A common NCA finding: Art.16 entities believe "simplified = minimal effort" and produce a one-page policy that names no systems, defines no RTO/RPO, and has no evidence of annual review. CDR 2024/1772 requires actual documentation with the specific elements listed in Annex I.
def assess_art16_readiness(policy: Art16SimplifiedICTPolicy) -> dict:
"""Produce CDR 2024/1772 gap assessment report."""
gaps = policy.validate_minimum_requirements()
# Additional CDR 2024/1772 Annex I checks
annex_checks = []
if not policy.critical_ict_systems:
annex_checks.append("No critical ICT systems identified — Annex I Section 2.1 requires list")
if not policy.nca_notification_contact:
annex_checks.append("No NCA notification contact — required for Art.19 incident reporting readiness")

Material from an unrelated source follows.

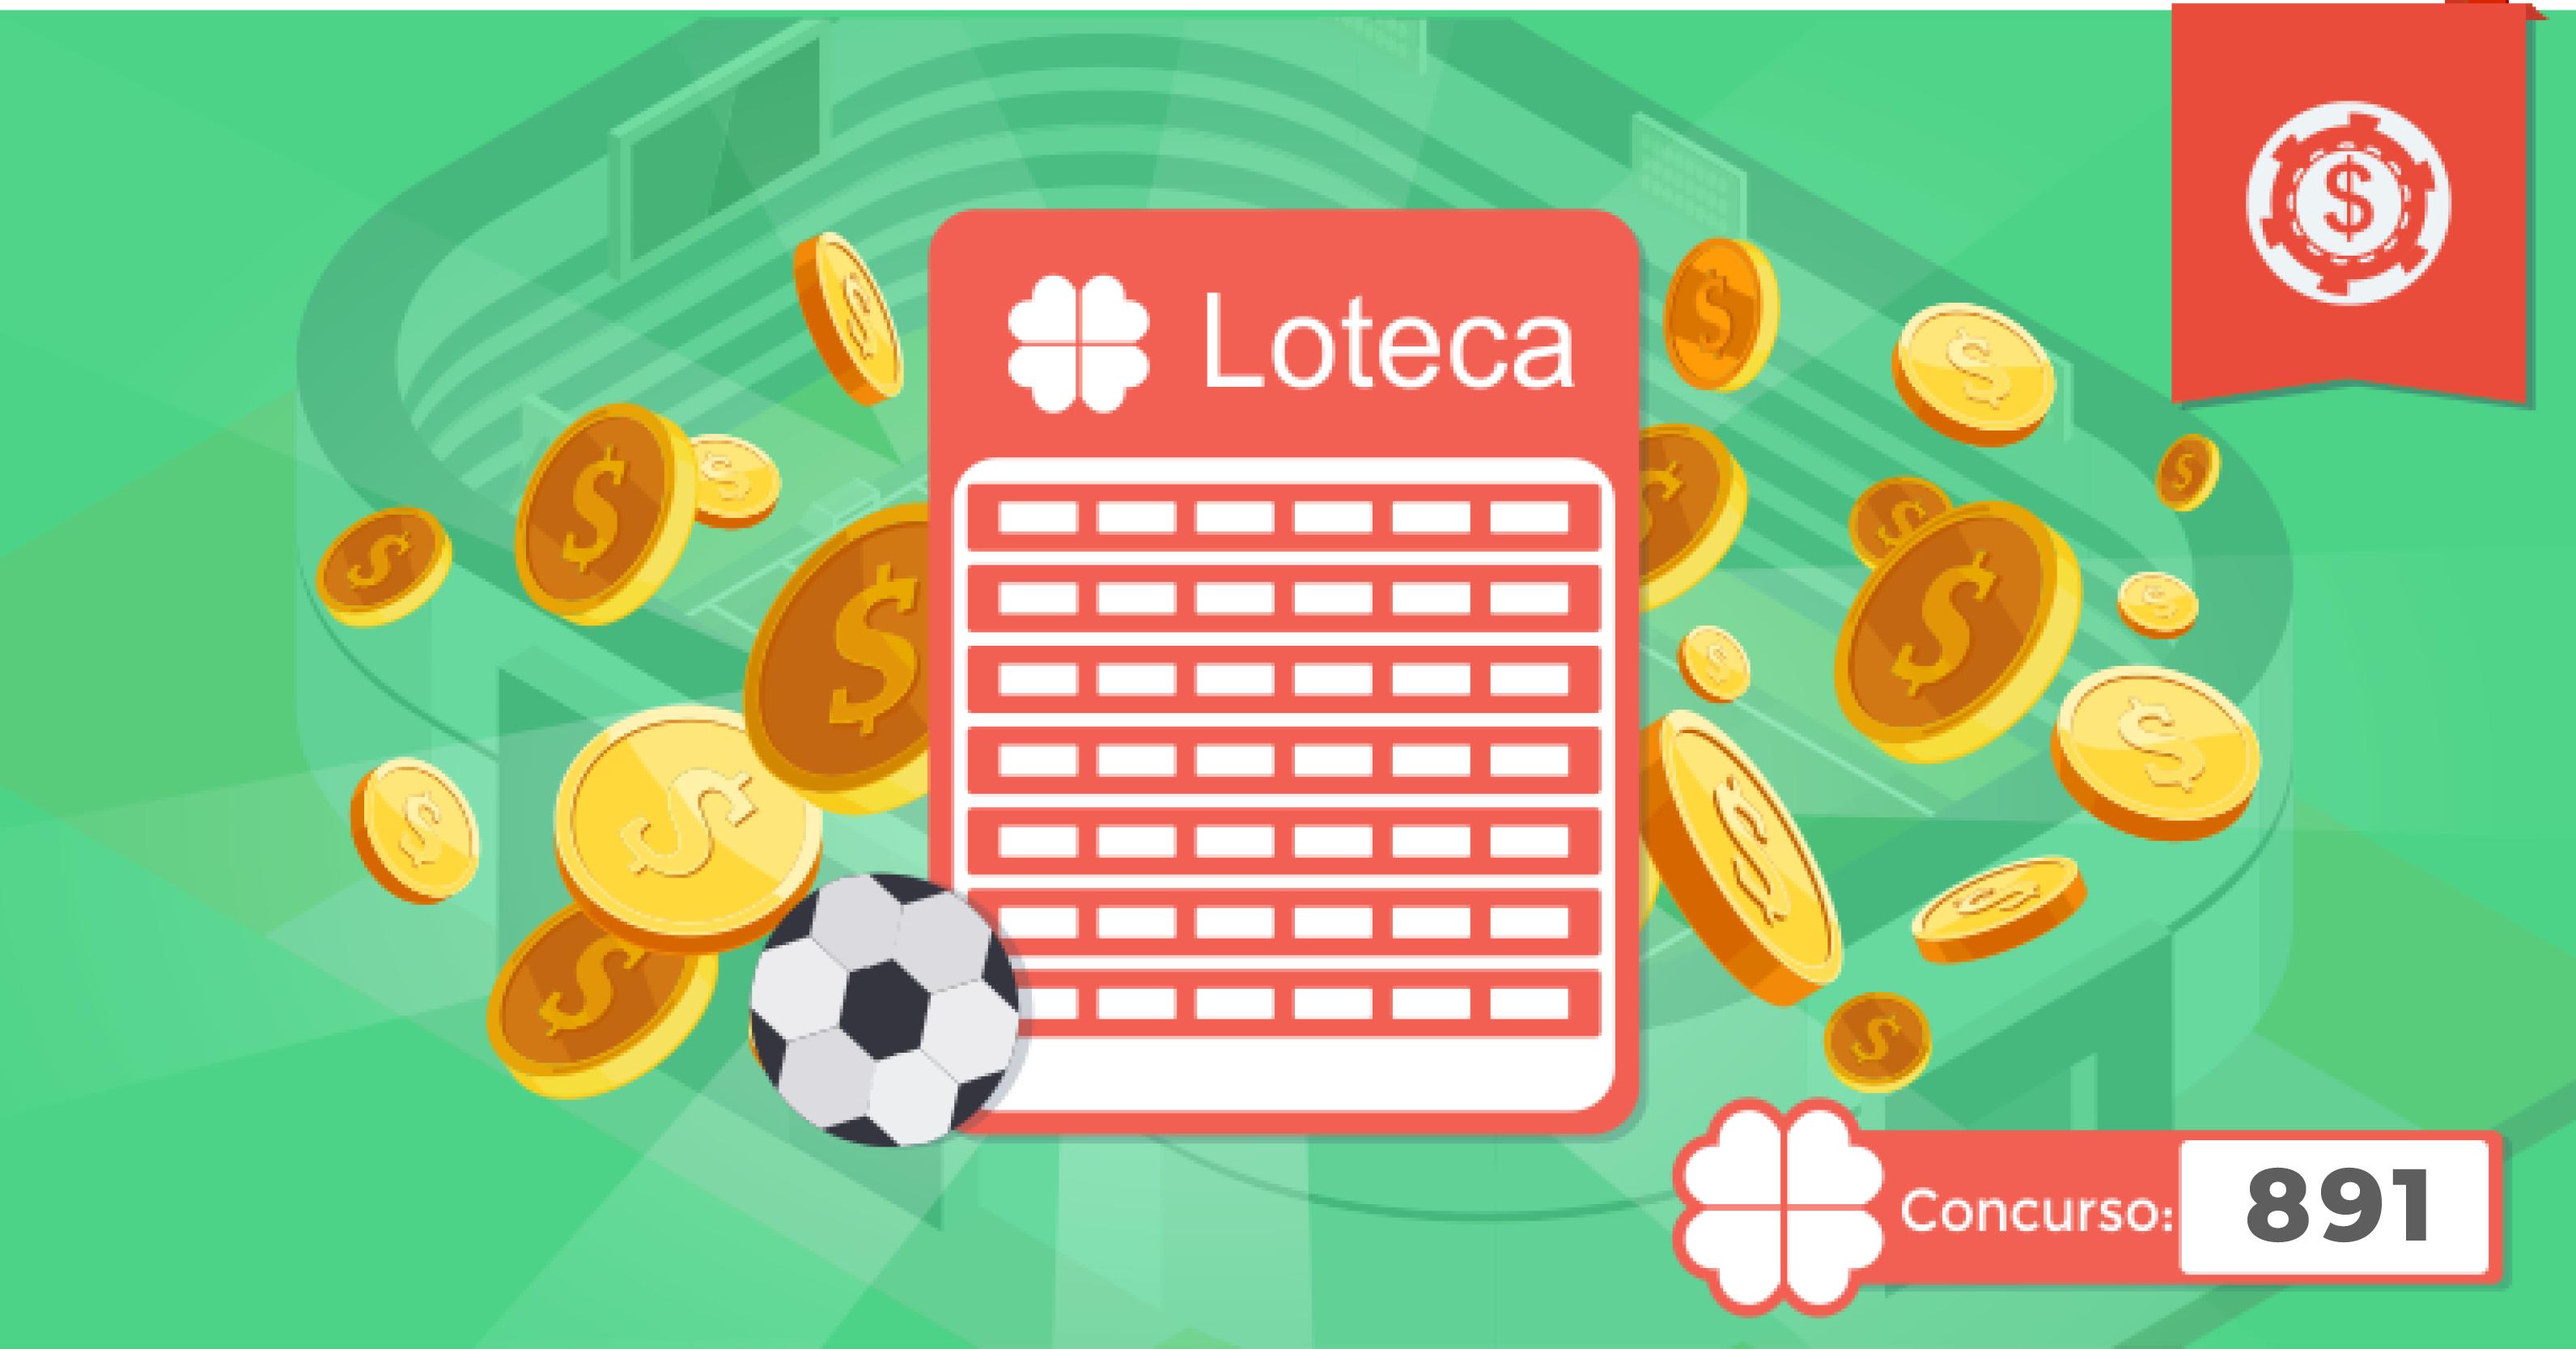 palpites-loteca-891-palpites-loteca-semana

days_since_review = (date.today() - policy.last_review_date).days
if days_since_review > 365:
annex_checks.append(f"Policy review overdue by {days_since_review - 365} days")
return {
"framework": "simplified_art16_cdr_2024_1772",
"critical_gaps": [g for g in gaps if g.startswith("CRITICAL")],
"high_gaps": [g for g in gaps if g.startswith("HIGH")] + annex_checks,
"medium_gaps": [g for g in gaps if g.startswith("MEDIUM")],
"compliant": len([g for g in gaps if g.startswith("CRITICAL") or g.startswith("HIGH")]) == 0,
}
5. Common Implementation Errors
| Error | What Happens | Correct Approach |
|---|---|---|
| Treating Art.16 as a full exemption | NCA finds no documentation, issues binding instruction | Apply CDR 2024/1772 in full — simplified ≠ none |
| Not checking CDR 2024/1774 for Art.15 obligations | Using generic security policy, fails audit on patch timelines | Map your policies to CDR 2024/1774 six domains |
| Misidentifying as Art.16 entity | Full-scope entity uses simplified framework, major gaps | Run Art.16 eligibility check against all three criteria |
| Ignoring incident reporting for Art.16 entities | Missing 4h notification for major ICT incident | Art.16 does not reduce Chapter III obligations |
| Not updating policies when CDR changes | Operating on pre-2025 policies that don't reference CDR | Review annually against current CDR text |
| Patch SLA from CDR 2024/1774 for Art.16 entity | Unnecessarily strict timelines cause resource strain | Use CDR 2024/1772 30-day window for critical patches |
6. Cross-Framework Mapping
| Obligation | DORA Art.15/CDR 2024/1774 | NIS2 Art.21 | ISO 27001:2022 |
|---|---|---|---|
| Security policy | Art.9(2) + CDR Ch.II | Art.21(1) | Annex A 5.1 |
| Access management | CDR Ch.II (MFA, PAM) | Art.21(2)(i) | Annex A 5.15-5.18 |
| Cryptography | CDR Ch.III | Art.21(2)(h) | Annex A 8.24 |
| Patch management | CDR Ch.IV | Art.21(2)(e) | Annex A 8.8 |
| Network segmentation | CDR Ch.V | Art.21(2)(a) | Annex A 8.22 |
| Vulnerability assessment | CDR Ch.VII | Art.21(2)(e) | Annex A 8.8 |
NIS2 essential/important entities that are also DORA-scope must satisfy CDR 2024/1774 — in most areas CDR 2024/1774 is more prescriptive than NIS2 Art.21, so CDR compliance implies NIS2 compliance for overlapping obligations.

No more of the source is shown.